* [How to complete this task]: Write out the listing exactly, dropping any picture it contains.

* [Recorded information]:
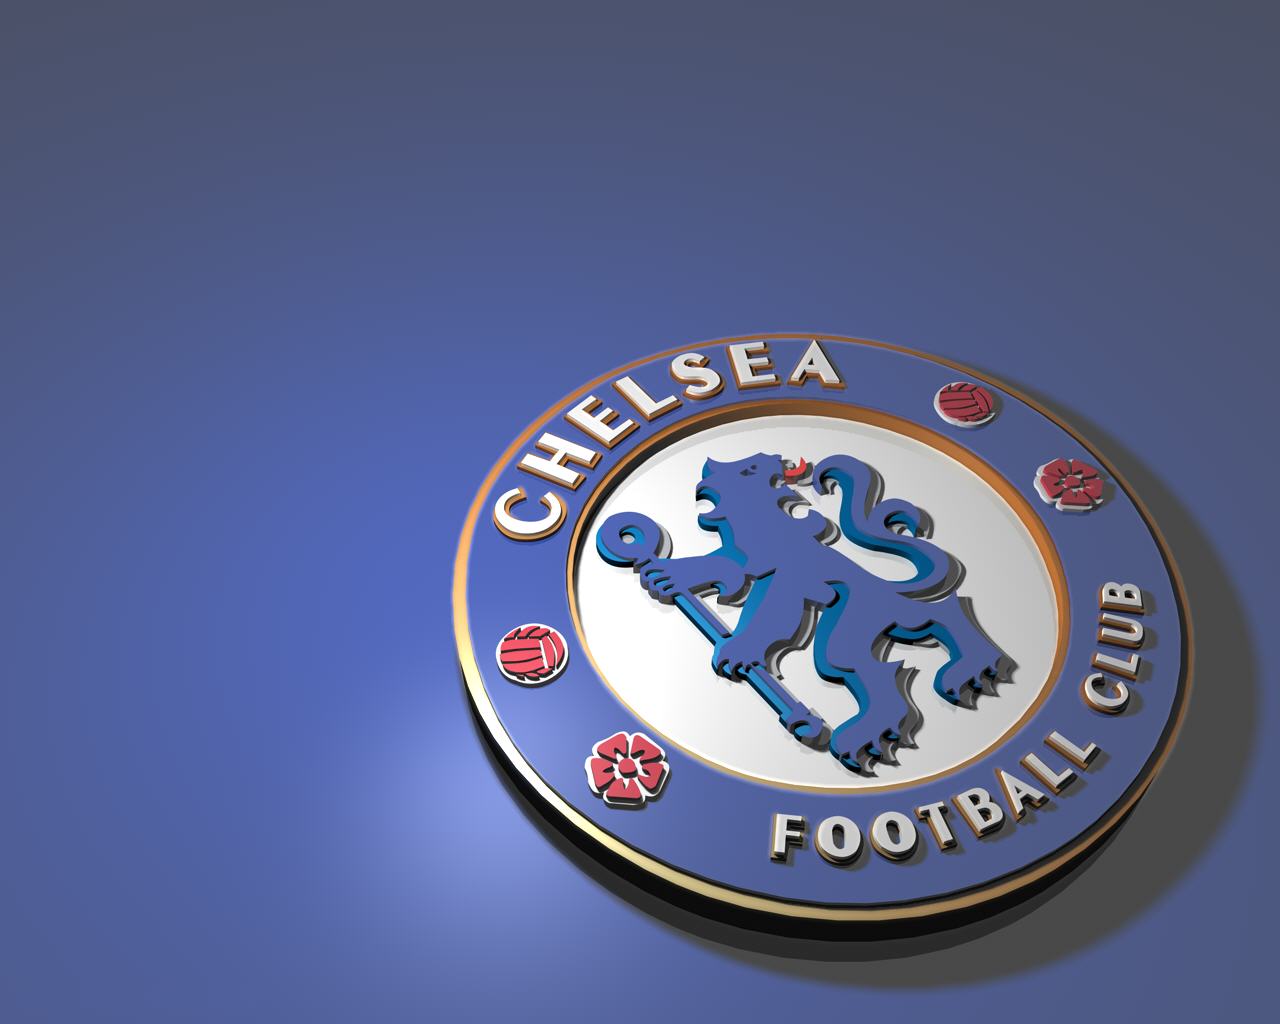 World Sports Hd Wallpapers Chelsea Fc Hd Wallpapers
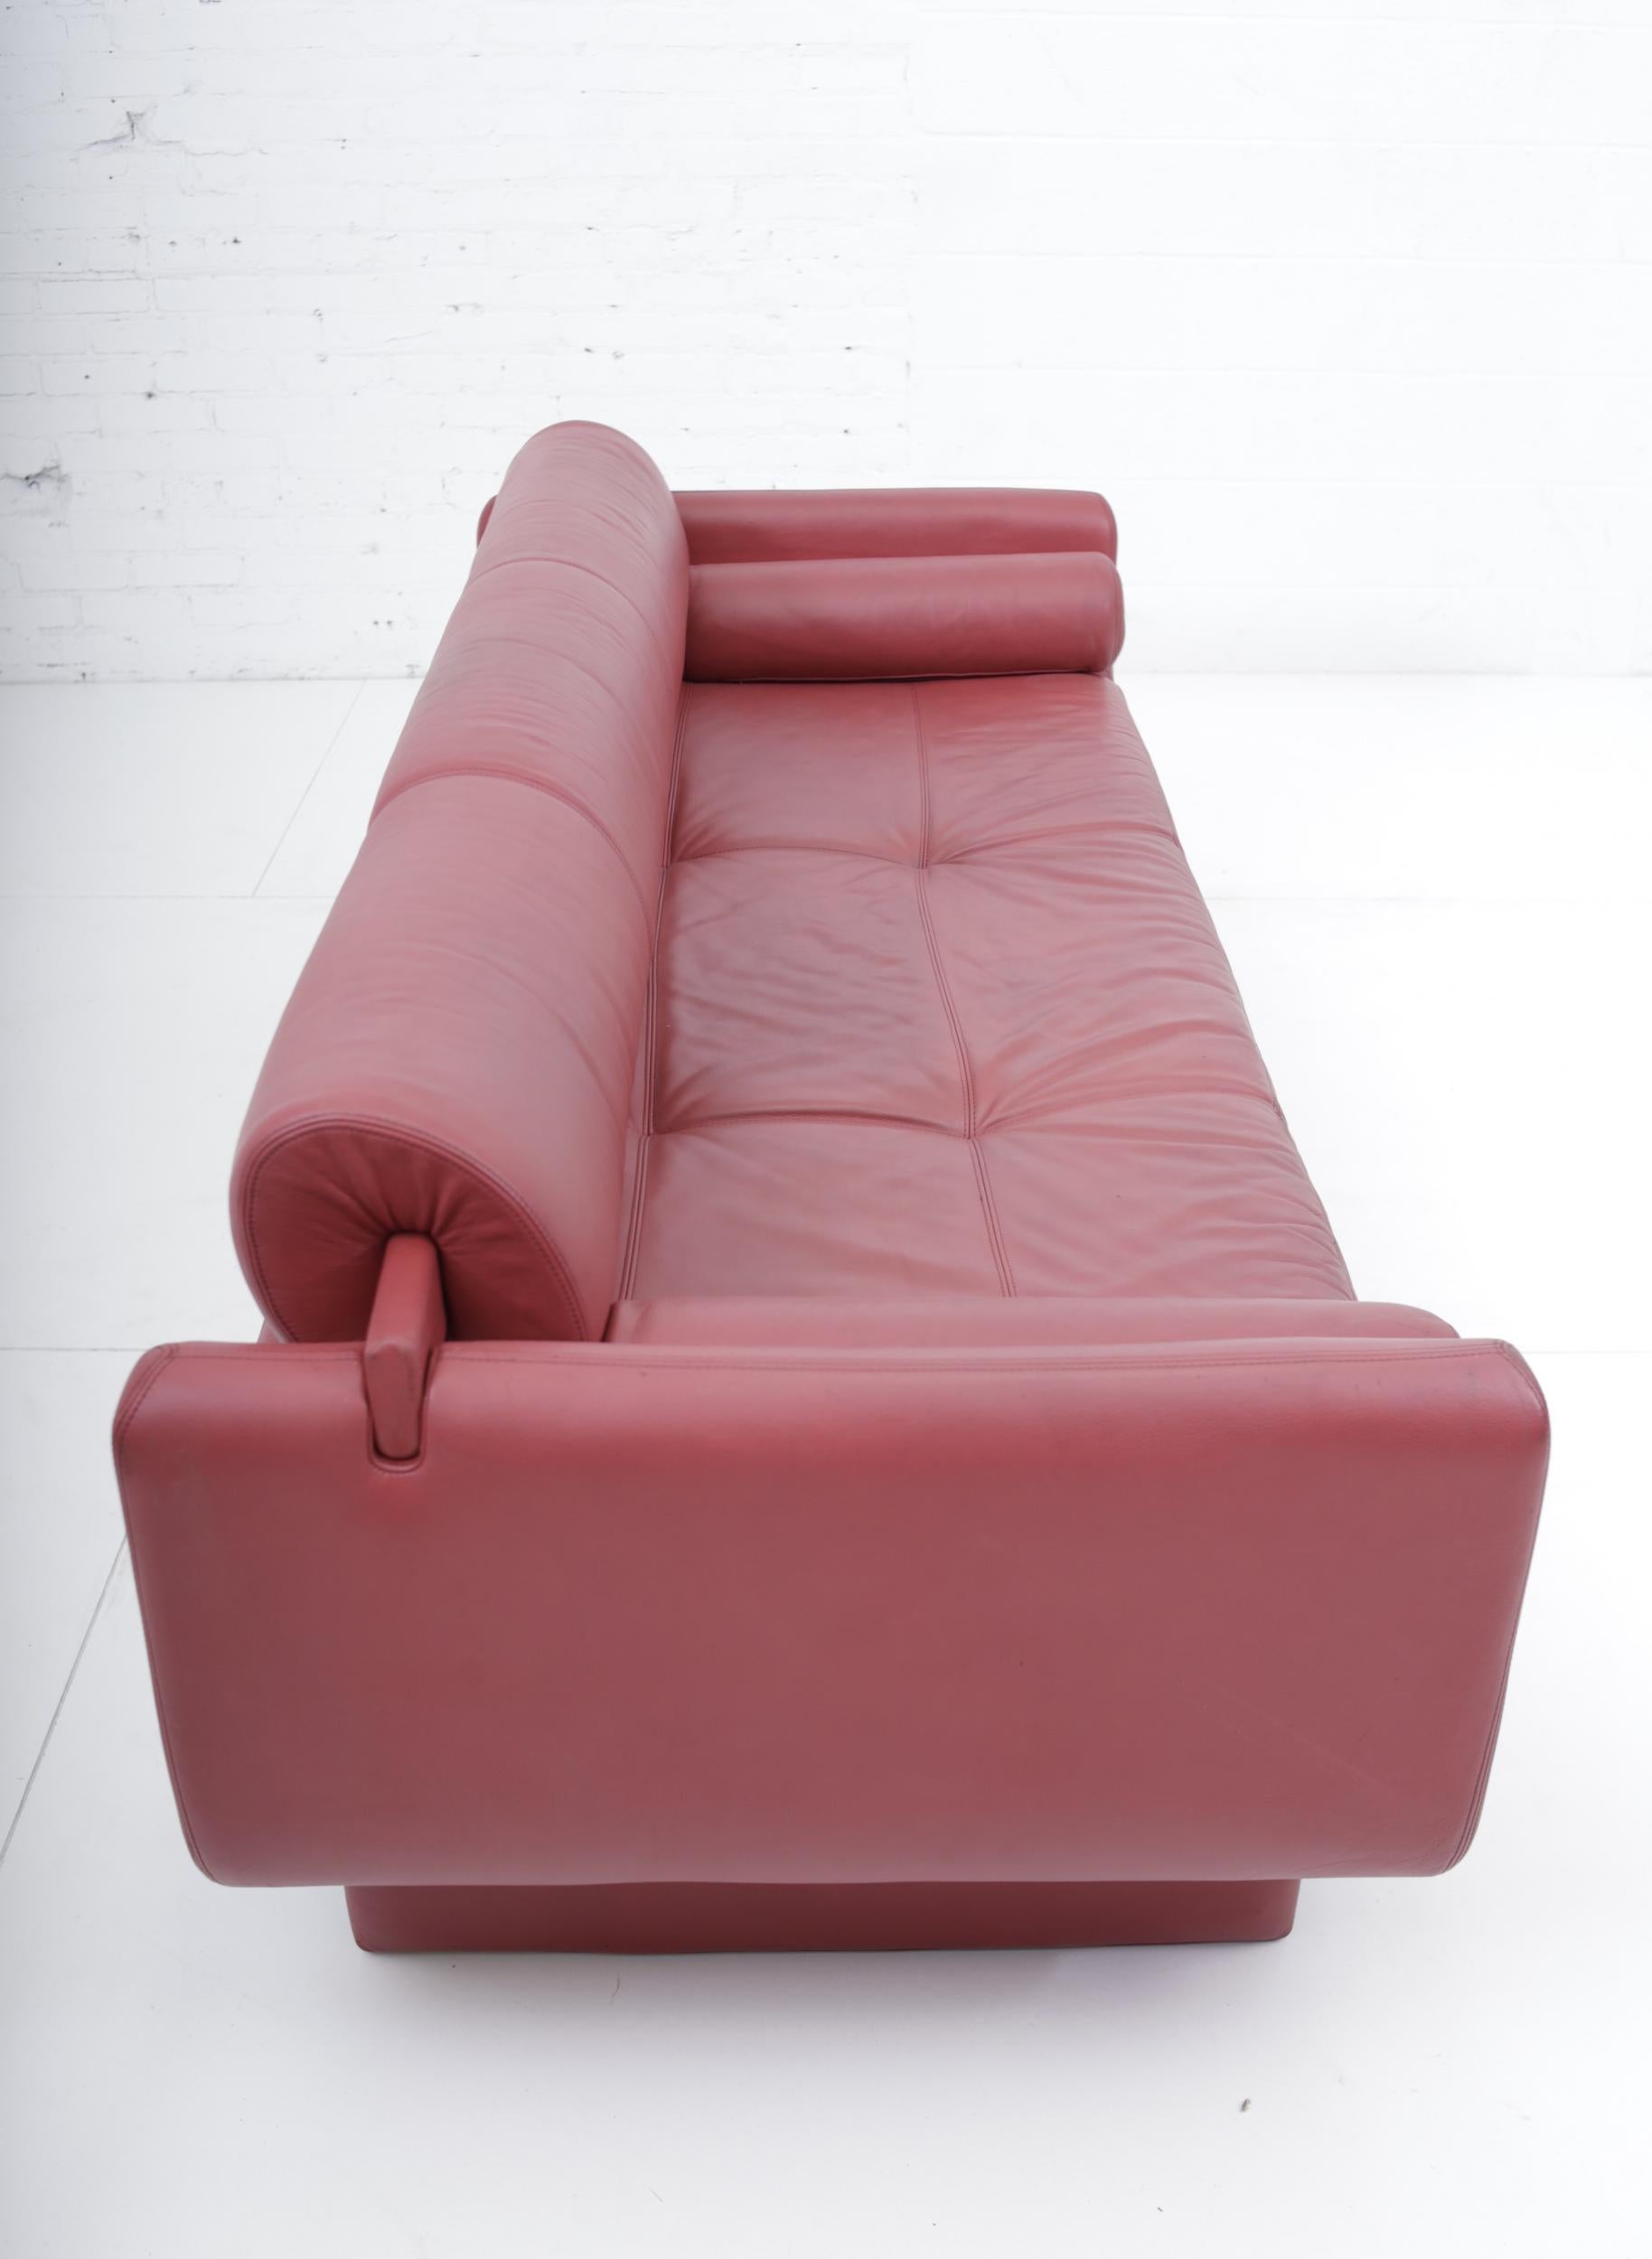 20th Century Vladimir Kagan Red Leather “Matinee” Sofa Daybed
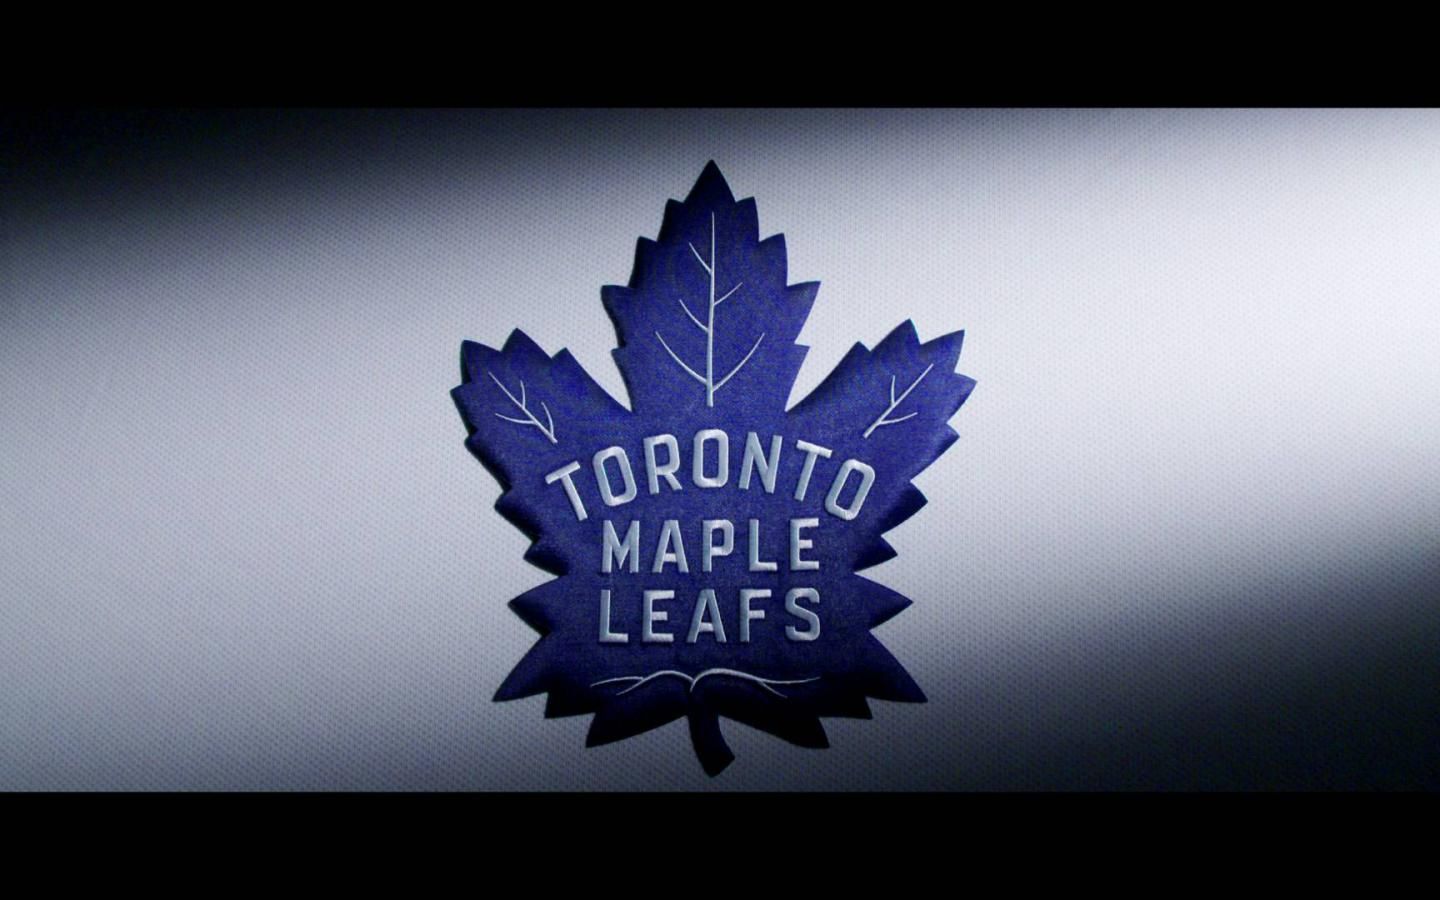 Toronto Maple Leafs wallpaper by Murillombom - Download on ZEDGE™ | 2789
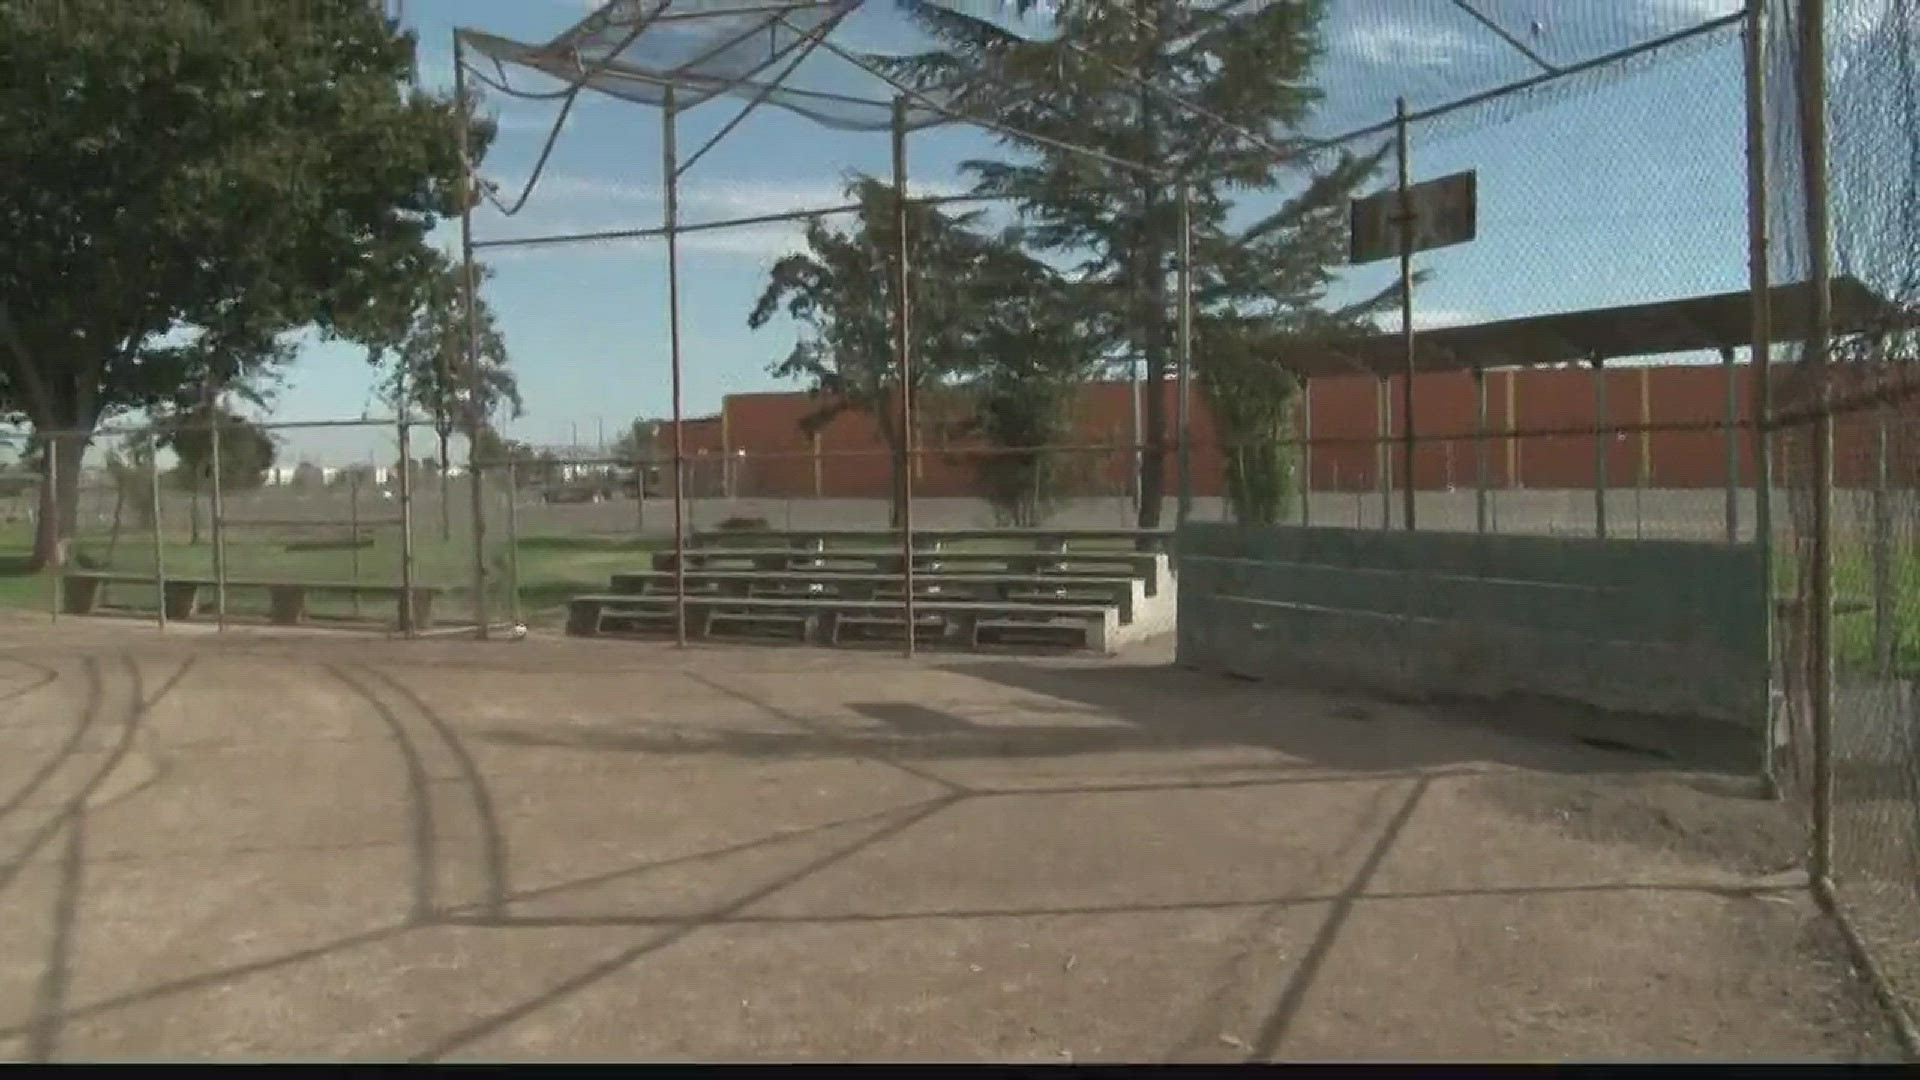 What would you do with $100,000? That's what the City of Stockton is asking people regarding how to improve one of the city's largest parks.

* [Solution for this task]:
 World Sports Hd Wallpapers Chelsea Fc Hd Wallpapers
 20th Century Vladimir Kagan Red Leather “Matinee” Sofa Daybed
 Toronto Maple Leafs wallpaper by Murillombom - Download on ZEDGE™ | 2789
 What would you do with $100,000? That's what the City of Stockton is asking people regarding how to improve one of the city's largest parks.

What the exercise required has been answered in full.